来源: 发布时间:2012-04-28【字体:
题目:The Strange Case of the Guangxi Cups
姓名:James W. Lankton
单位:Material Culture and Data Section

    UCL Institute of Archaeology

    London, UK

时间:2012年5月2号(周三)上午9:00
地点:溢智厅
Abstract:

Although glass vessels are generally rare in China before the end of the Han Dynasty, two groups stand out. Vessels of the first group, with the best known example being the fragments of a mosaic glass ribbed bowl found in Jiangsu, were made from natron glass and can safely be assumed to represent imports from the Roman world. Vessels of the second group are most often small cups (6 to 9cm rim diameter and 4-7cm high), with a few related examples of shallow bowls or plates. Their distribution is almost exclusively limited to Han-period tombs in present-day Guangxi Province and the former Han territory in northern Vietnam, and the total number of such vessels is around twenty. Most distinctive is the chemical compositional type, a low-lime potash glass not known in the West at this time, indicating an Asian origin for these ‘Guangxi’ cups. Several strands of evidence, including chemical composition, morphology and, perhaps most convincingly, an exclusive distribution in areas controlled by the Han Empire, have led most scholars to consider that these potash glass vessels were made locally (eg Borell 2010), making the ‘Guangxi’ cups the first glass vessels produced in Chinese territory.

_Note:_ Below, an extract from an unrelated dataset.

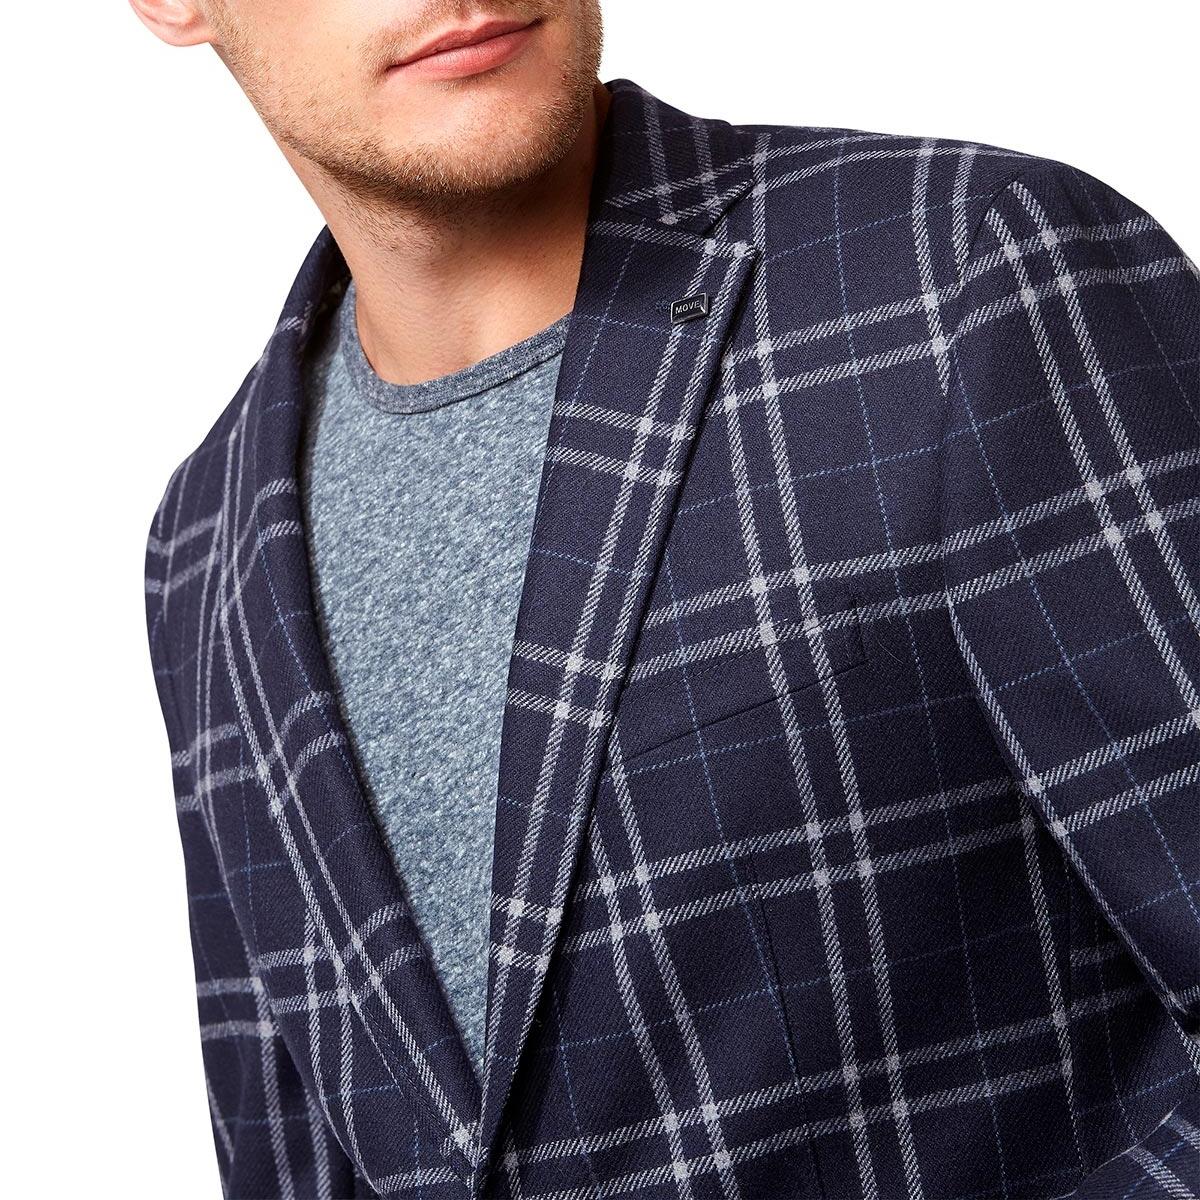 buy online 67f34 fa45e Scopri la nuova giacca moda uomo di Digel collezione autunno ...

Imagine our surprise when we found fragments from at least twenty-seven low-lime potash glass vessels from three sites in Peninsular Thailand. Both by chemical analysis and by microscopic examination, these Thai fragments are indistinguishable from the Guangxi cups found in China, although no intact vessels have come from the Thai sites. Because the Thai material was uncovered in clandestine excavations, there is very limited archaeological information, although the other material found, including Chinese storage jars, supports a date in the late-Western Han to Eastern Han period. The great majority of the Thailand finds are from Tha Chana, a relatively small site just south of Khao Sam Kaeo, a well-excavated proto-urban area on the eastern coast of the Thai-Malay Peninsula, dating to the last four centuries BCE. Villagers at Tha Chana also found evidence for local glassworking, including large chunks of raw glass and debitage from bead, bracelet and possibly glass vessel manufacture.

There is no question that the Tha Chana potash glass vessel fragments are related to the cups found in Guangxi. What we don’t know is how. During this presentation, we will discuss some of the possible answers, drawing as well on other seemingly ‘Chinese’ materials found both at Tha Chana and, further west, at Arikamedu.